- Opening Delimiter -

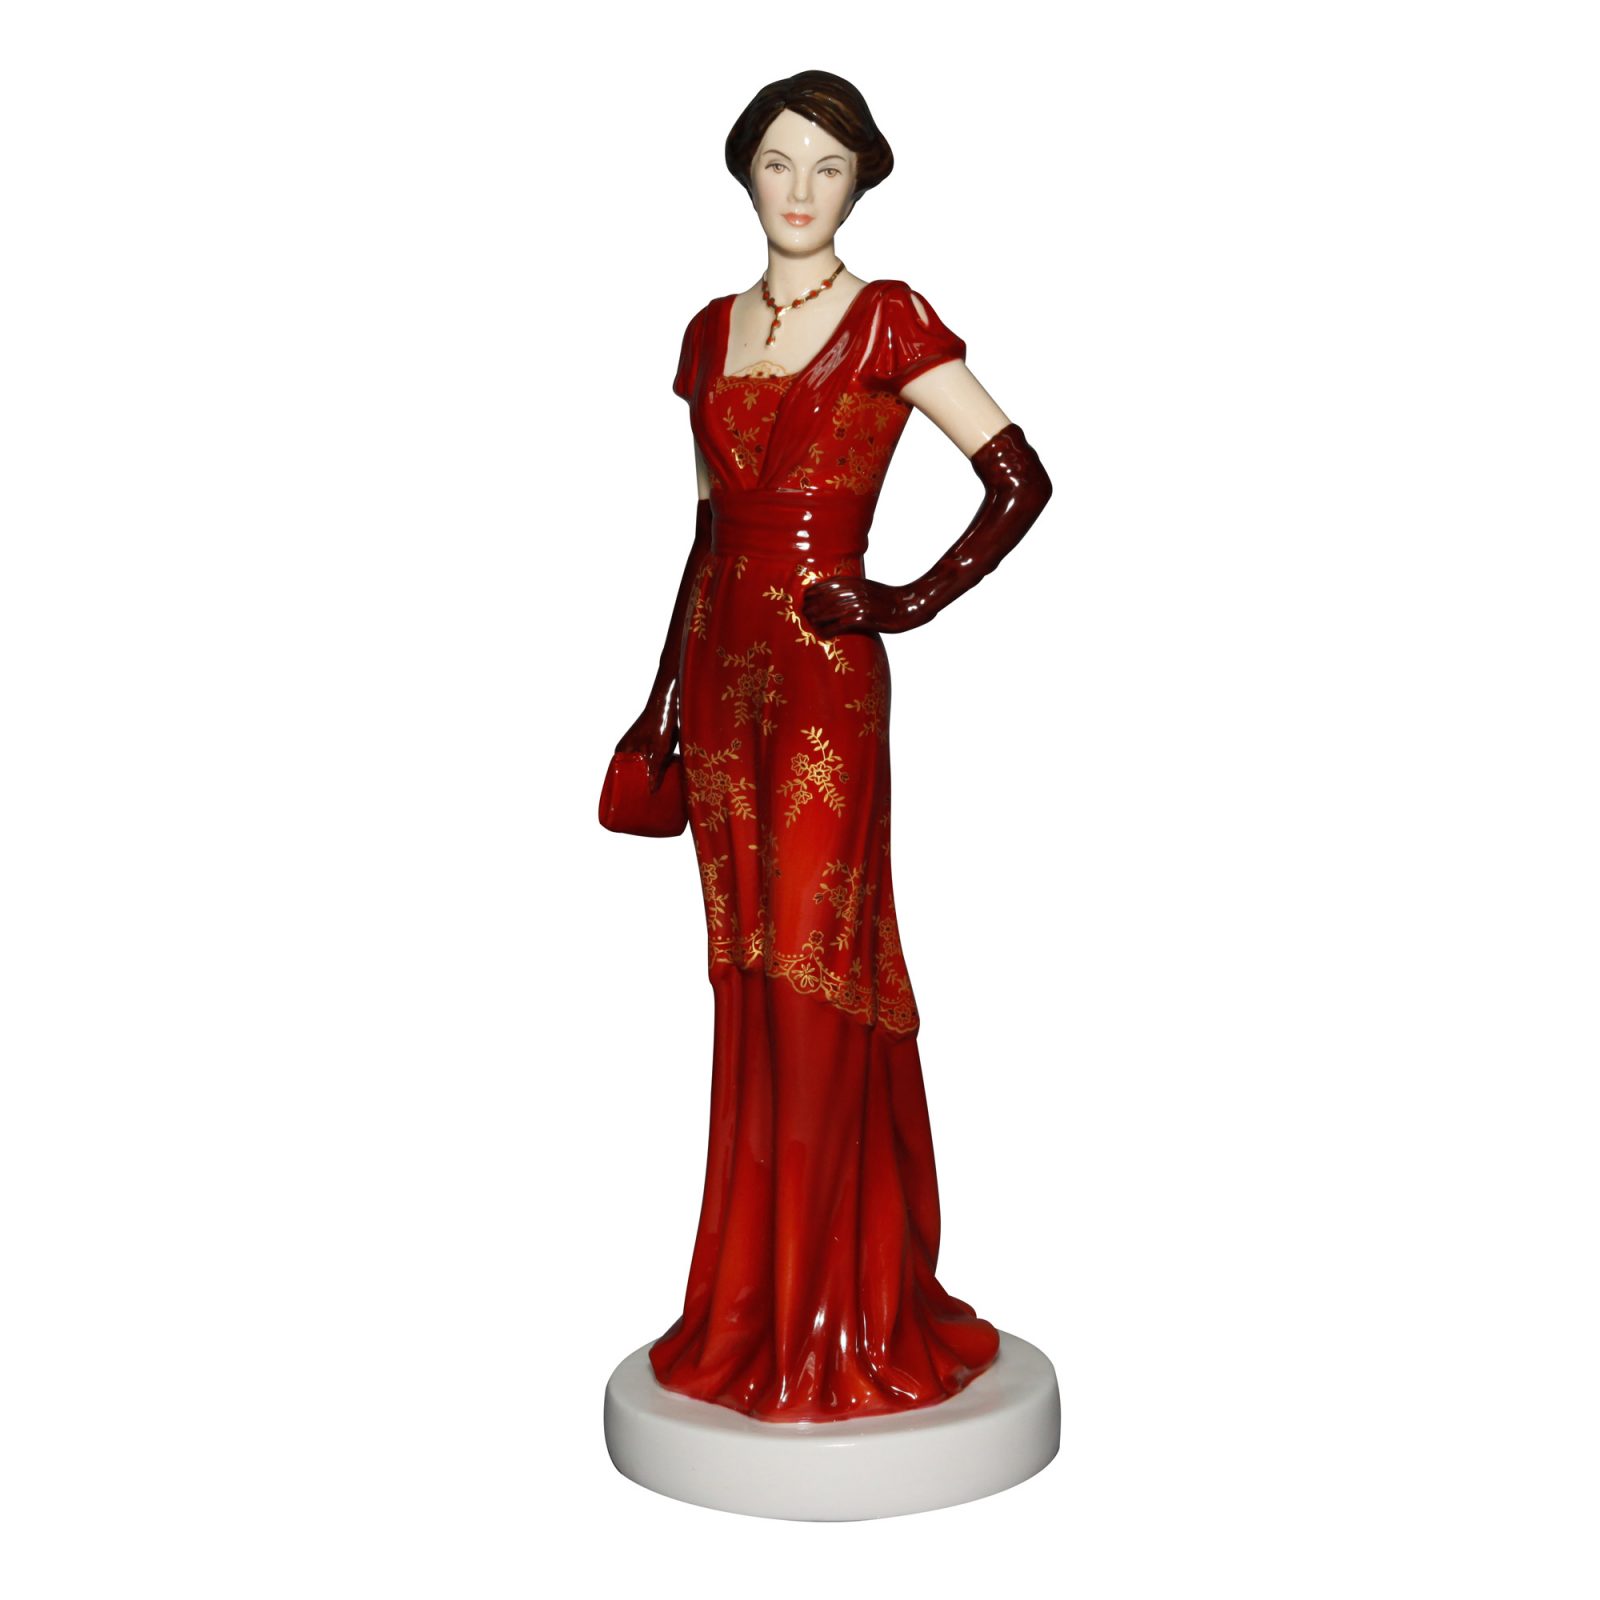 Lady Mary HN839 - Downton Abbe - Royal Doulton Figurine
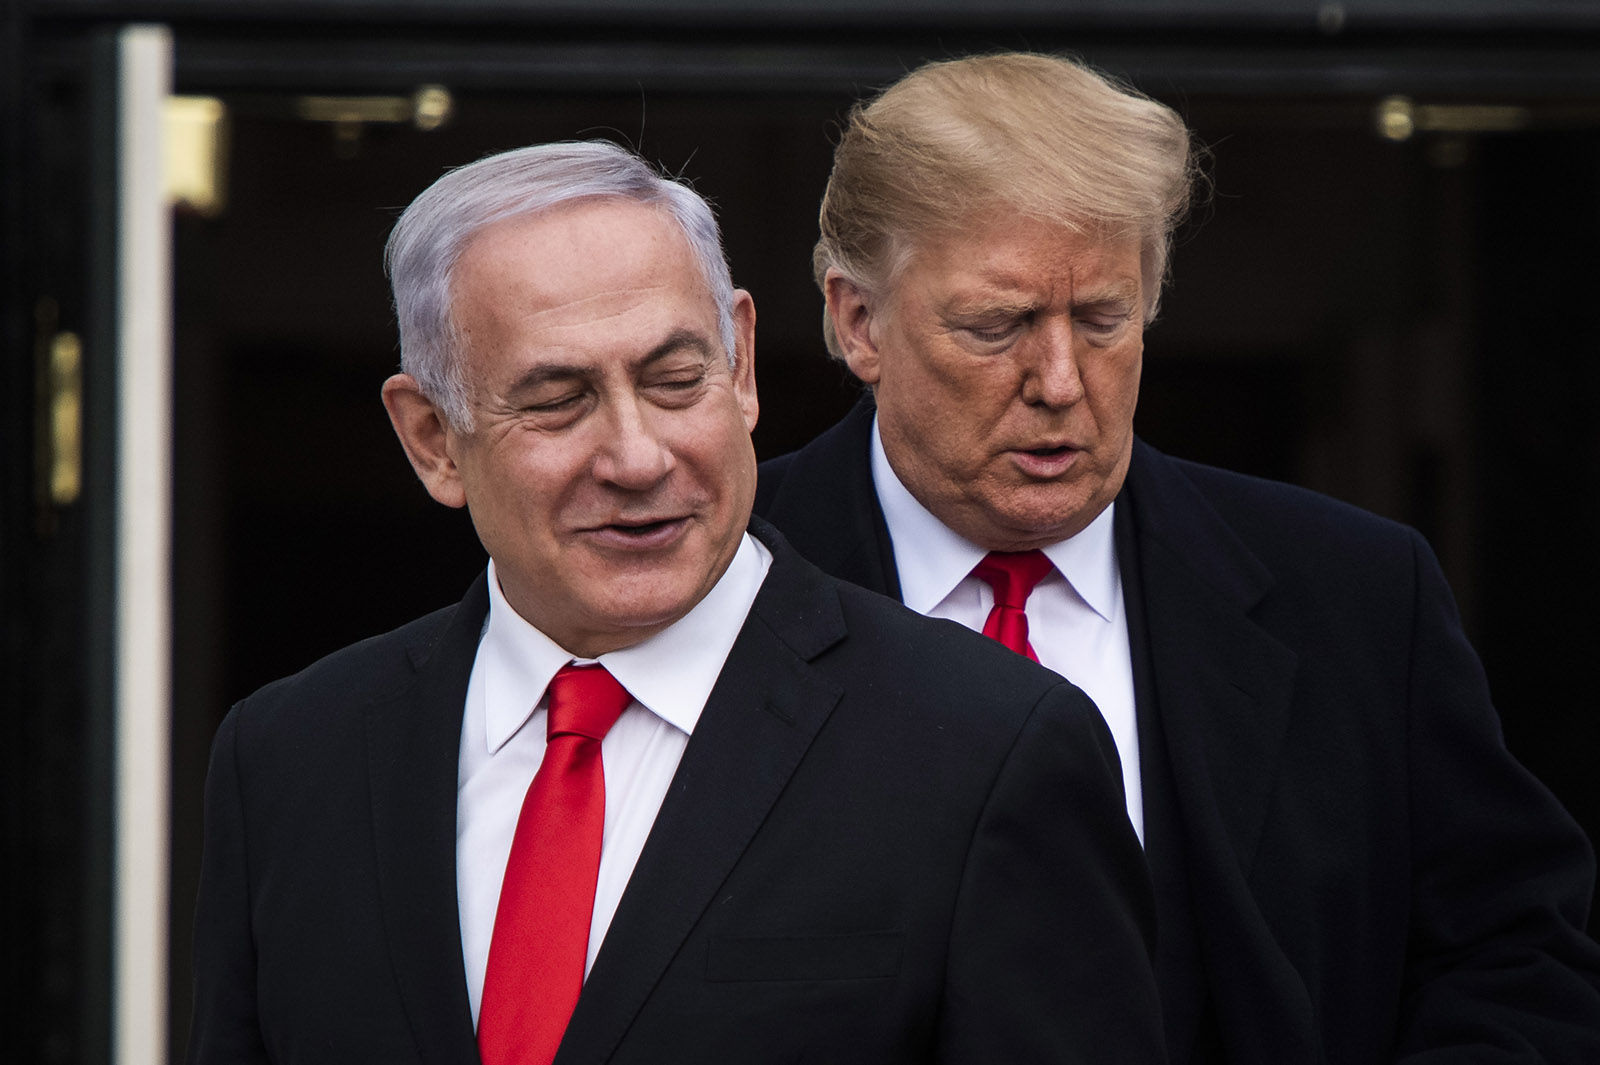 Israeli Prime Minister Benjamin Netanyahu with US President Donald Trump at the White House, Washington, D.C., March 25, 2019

- Closing Delimiter -
- Opening Delimiter -

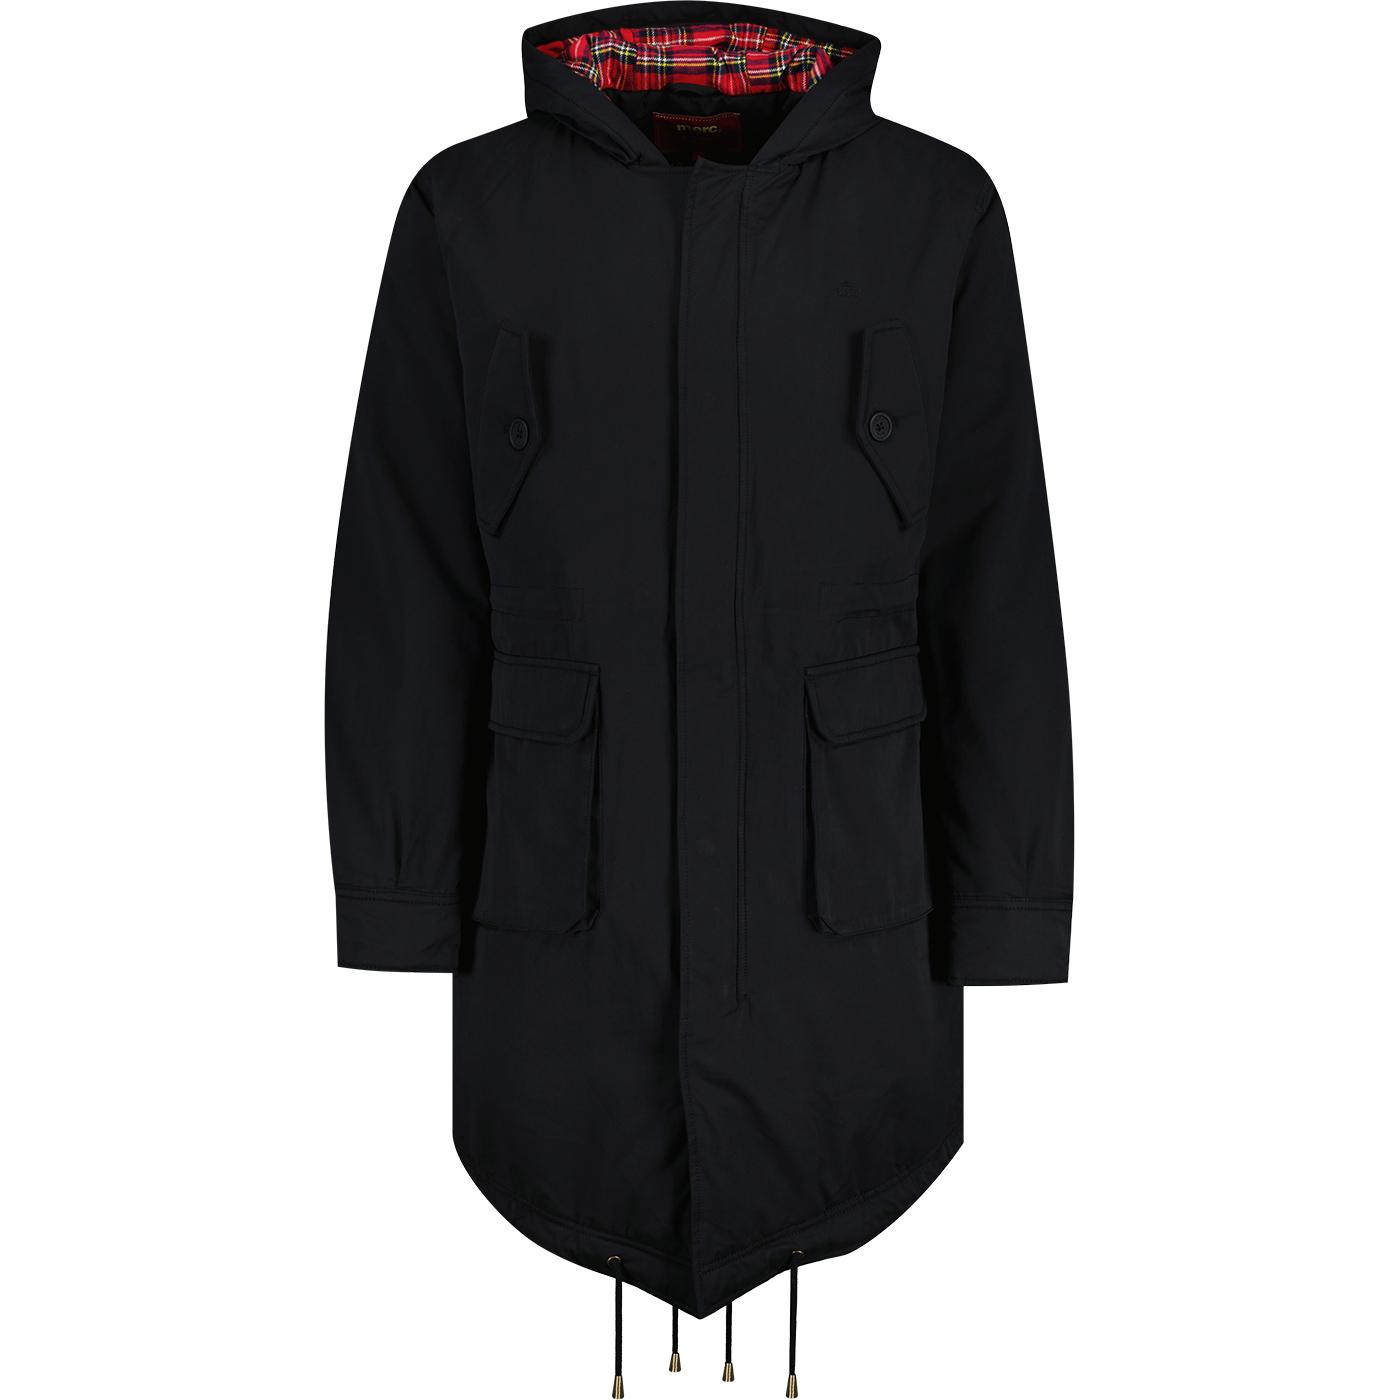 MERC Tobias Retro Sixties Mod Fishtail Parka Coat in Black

- Closing Delimiter -
- Opening Delimiter -

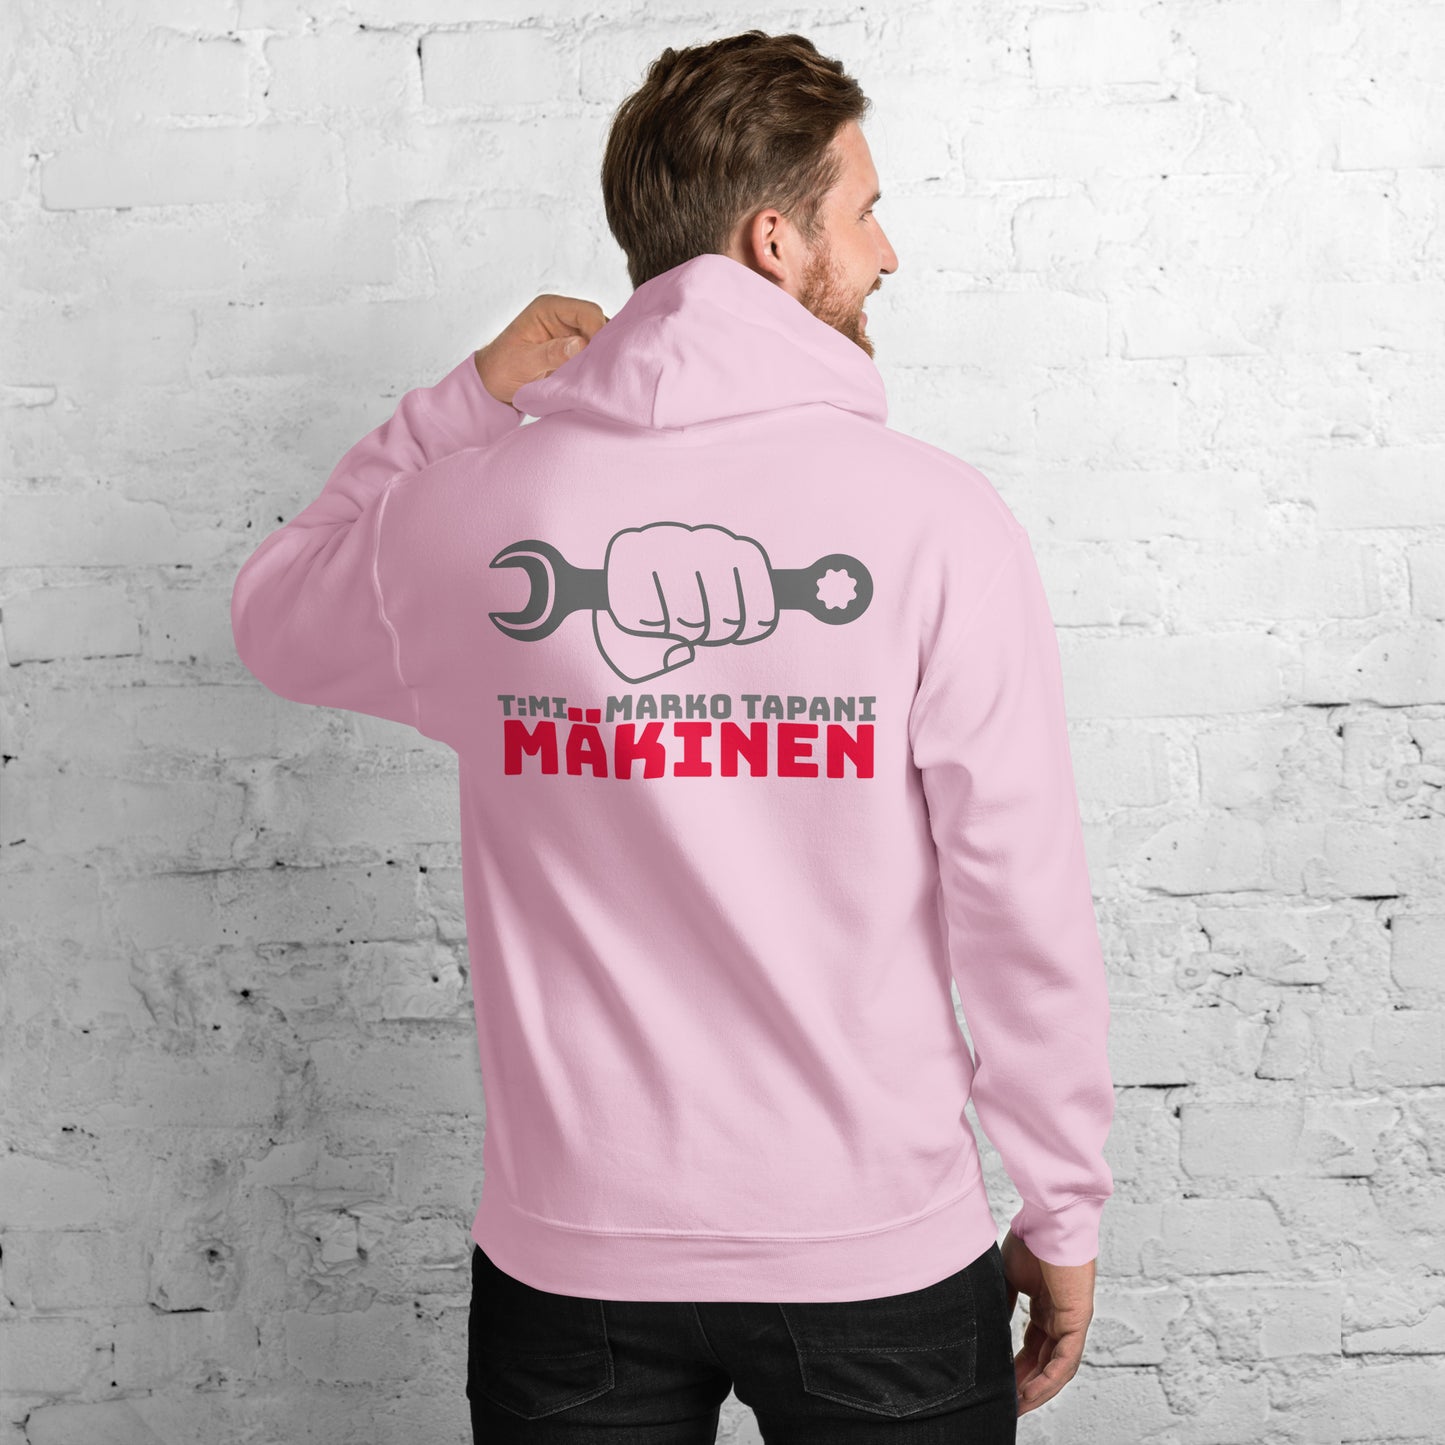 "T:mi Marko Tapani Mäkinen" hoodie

- Closing Delimiter -

### TASK PROMPT
To complete this exercise, transcribe exactly the lines above from the one that holds "Lady Mary HN839" through the one that holds "Israeli Prime Minister". Pictures stay out.

### TASK RESPONSE
 Lady Mary HN839 - Downton Abbe - Royal Doulton Figurine
 Israeli Prime Minister Benjamin Netanyahu with US President Donald Trump at the White House, Washington, D.C., March 25, 2019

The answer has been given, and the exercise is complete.